The area of the house on the $35mm$ slide (area of the object) is given by, 

${{A}_{O}}=1.75c{{m}^{2}}$.

The area of the image of the house that is formed on the screen is given by, ${{A}_{I}}=1.55{{m}^{2}}=1.55\times {{10}^{4}}c{{m}^{2}}$

We know that areal magnification is given by, 

${{m}_{a}}=\frac{{{A}_{I}}}{{{A}_{O}}}$

Substituting the given values, 

${{m}_{a}}=\frac{1.55\times {{10}^{4}}}{1.75}$

Now, we have the expression for Linear magnification as, ${{m}_{l}}=\sqrt{{{m}_{a}}}$ 

$\Rightarrow {{m}_{l}}=\sqrt{\frac{1.55}{1.75}\times {{10}^{4}}}$ 

$\therefore {{m}_{l}}=94.11$

Thus, we found the linear magnification in the given case to be, ${{m}_{l}}=94.11$.


10. State the Number of Significant Figures in the Following:

a) $0.007{{m}^{2}}$

Ans: We know that when the given number is less than one, all zeroes on the right of the decimal point are insignificant and hence for the given value, only 7 is the significant figure.

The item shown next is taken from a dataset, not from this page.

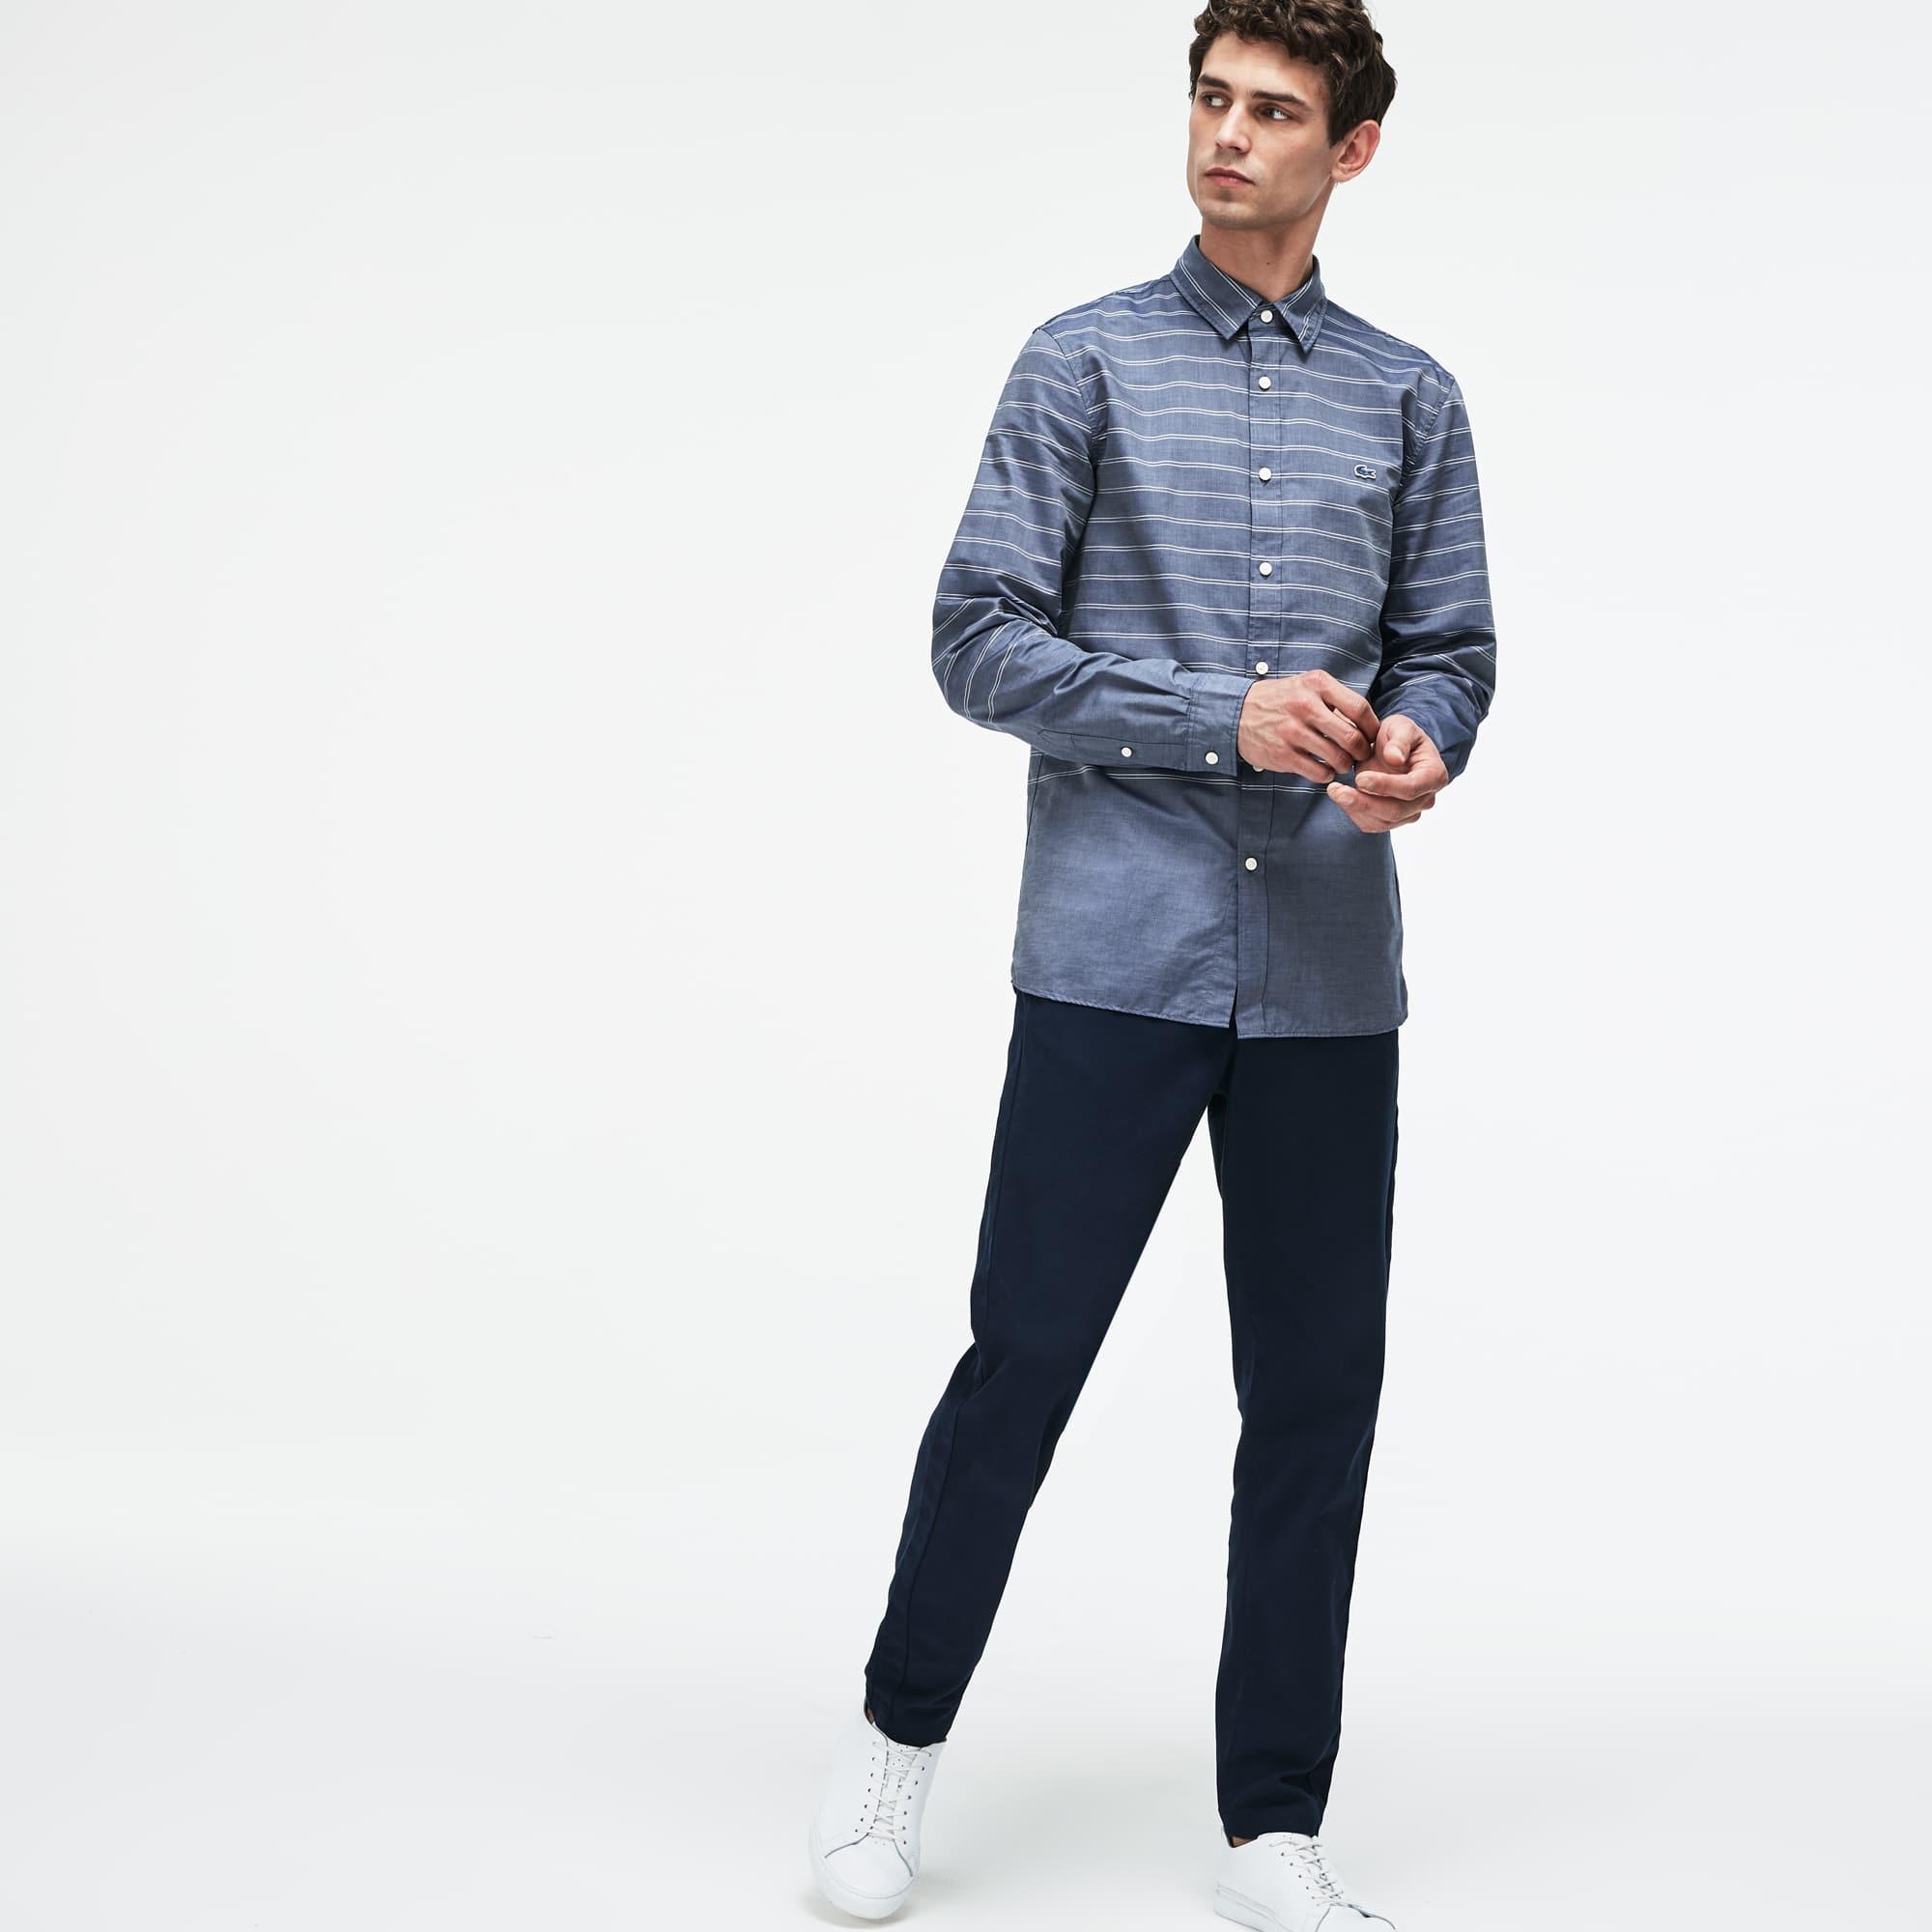 Herren Slim Fit Hemd aus gestreiftem Popeline LACOSTE MOTION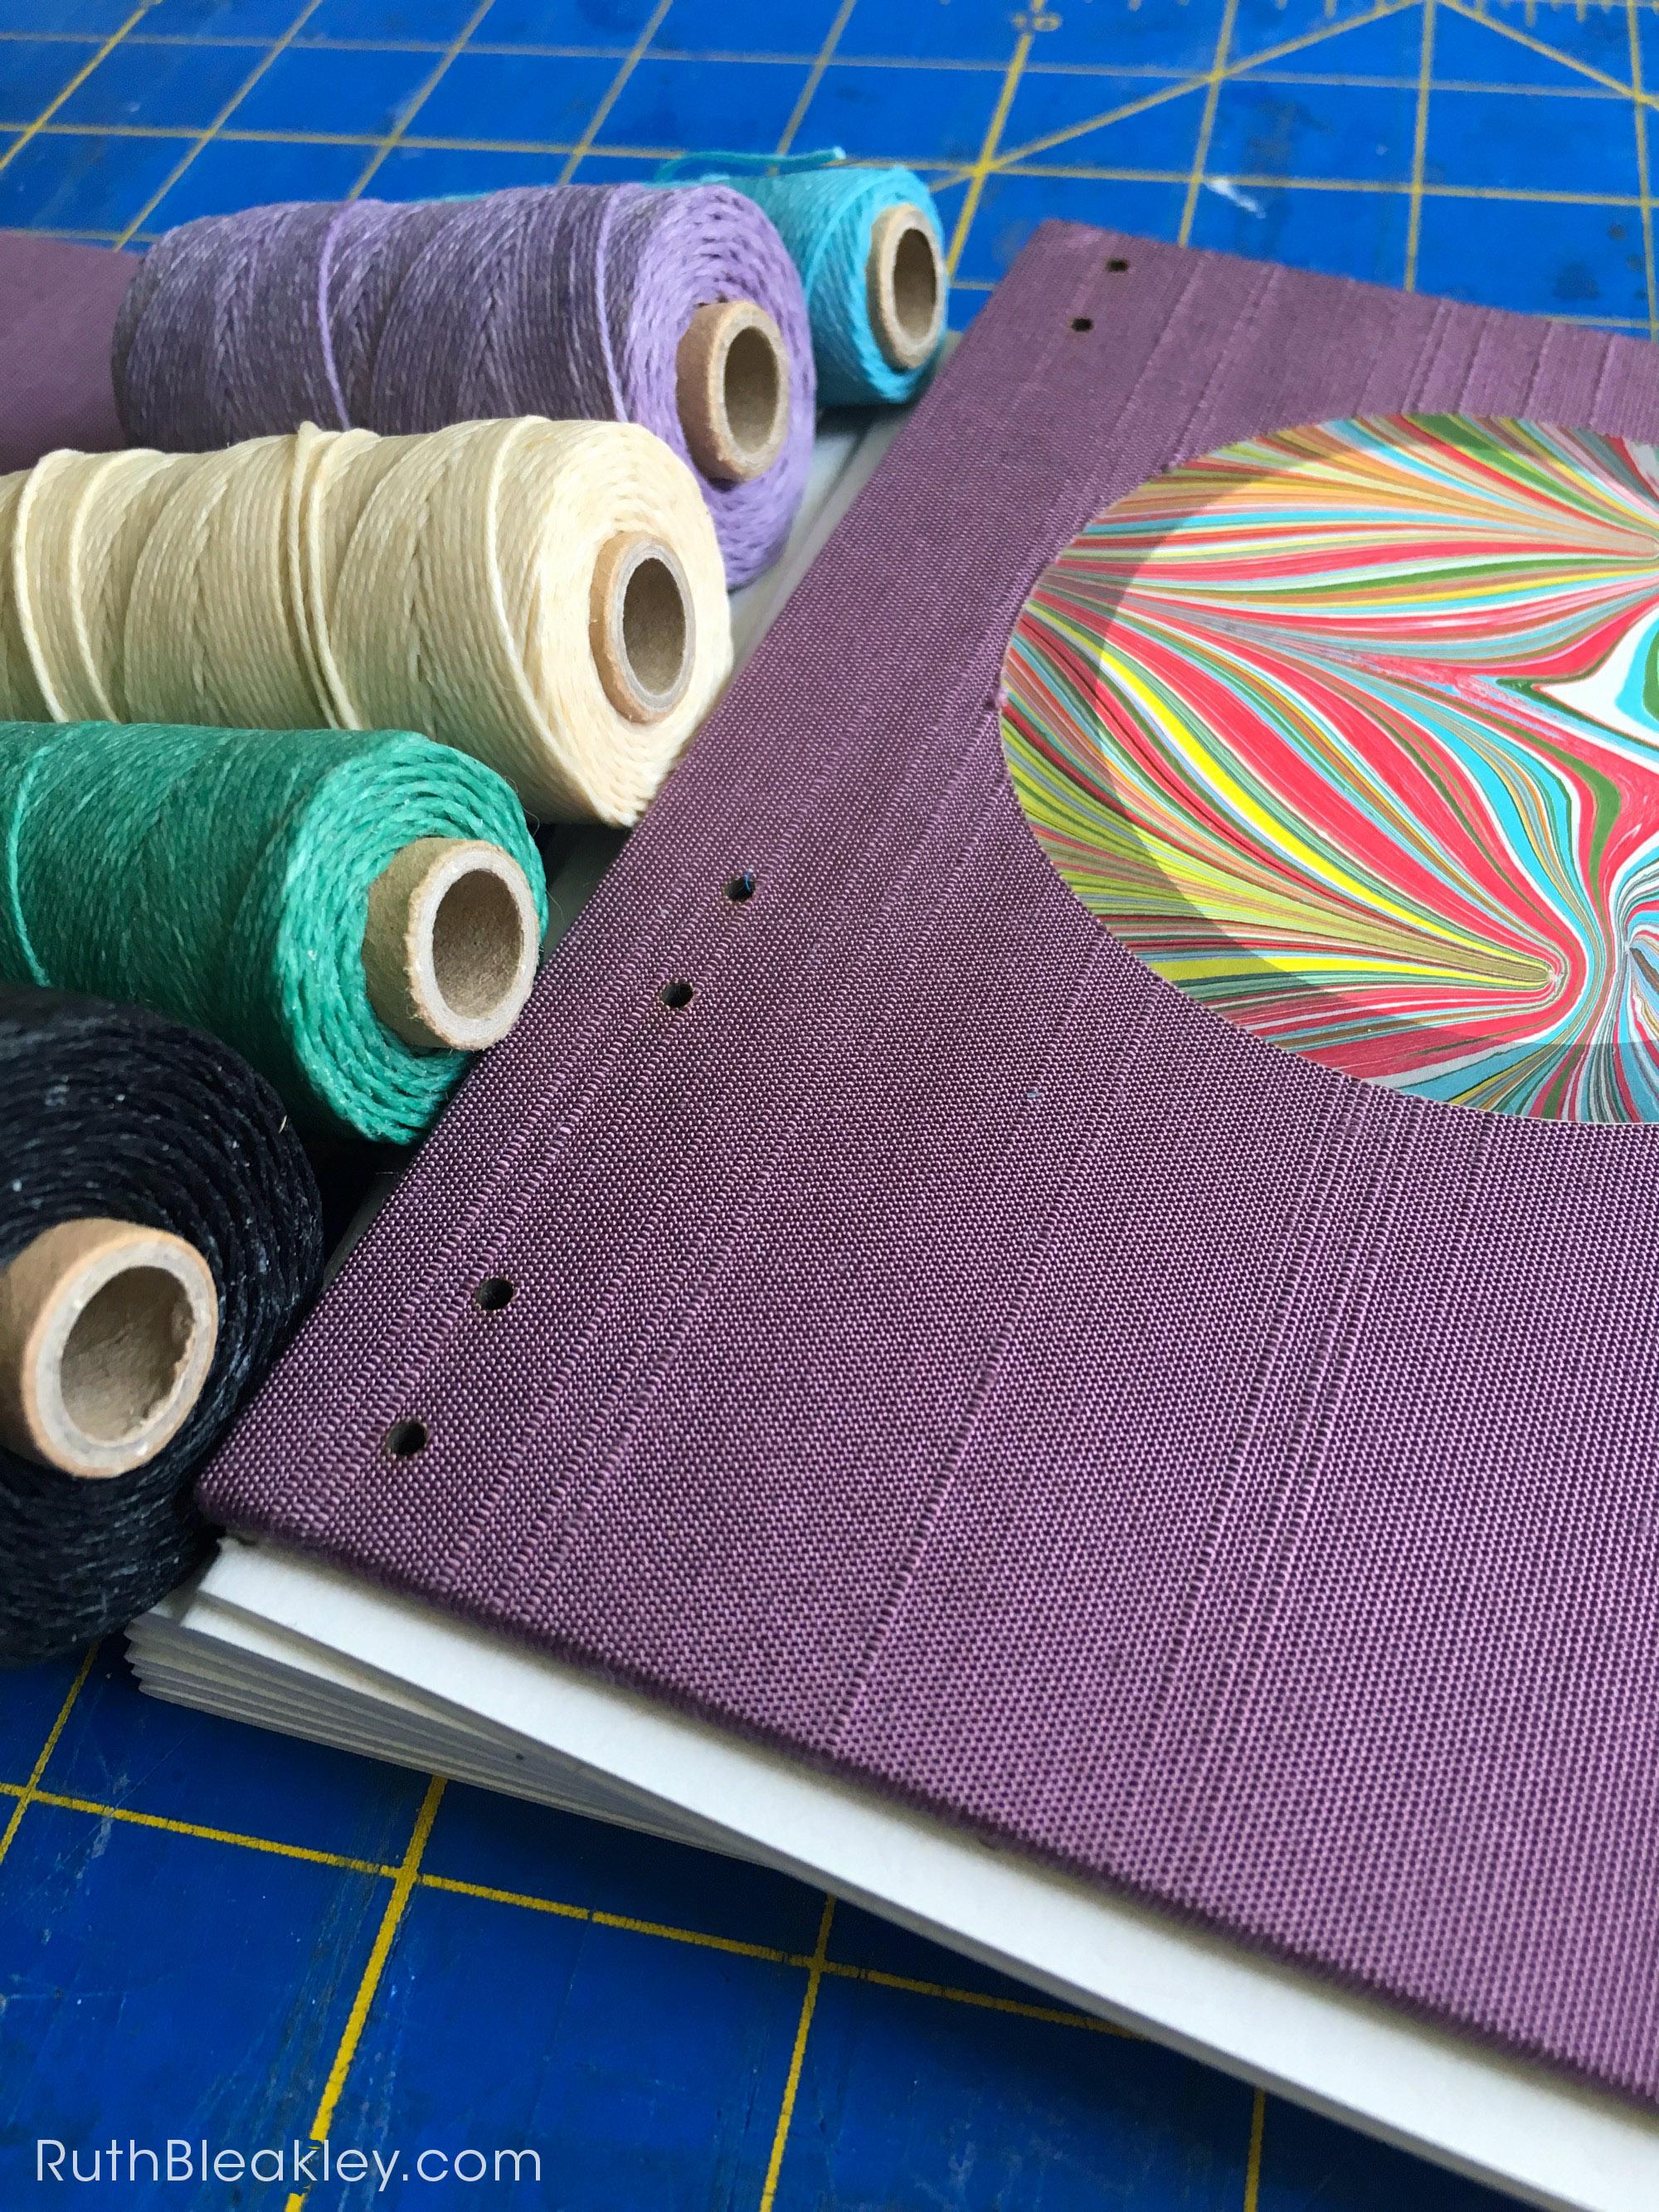 choosing thread bookbinding process by Ruth Bleakley

So, the number of significant figures in this case is 1. 


b) $2.64\times {{10}^{24}}kg$

Ans: We know that the power of 10 is considered insignificant and hence, 2, 6 and 4 are the significant figures in the given case. So, the number of significant figures here is 3. 


c) $0.2370gc{{m}^{-3}}$

Ans: For decimal numbers, the trailing zeroes are taken significantly. 2, 3, 7 and 0 are the significant figures. So, the number of significant figures here is 4. 


d) $6.320J$

Ans: All figures present in the given case are significant. So, the number of significant figures here is 4. 


e) $6.032N{{m}^{-2}}$

Ans: Since all the zeros between two non-zero digits are significant, the number of significant figures here is 4. 


f) $0.0006032{{m}^{2}}$

Ans: For a decimal number less than 1, all the zeroes lying to the left of a non-zero number are insignificant. Hence, the number of significant digits here is 4. 

 

11. The Length, Breadth and Thickness of a Rectangular Sheet of Metal Are 4.234m, 1.005m and 2.01cm Respectively. Give the Area and Volume of the Sheet to Correct Significant Figure. 

Ans:

We are given:

Length of sheet, $l=4.234m$; number of significant figures: 4

Breadth of sheet, $b=1.005m$; number of significant figures: 4

Thickness of sheet, $h=2.01cm=0.0201m$; number of significant figures: 3

So, we found that area and volume should have the least significant figure among the given dimensions, i.e., 3. 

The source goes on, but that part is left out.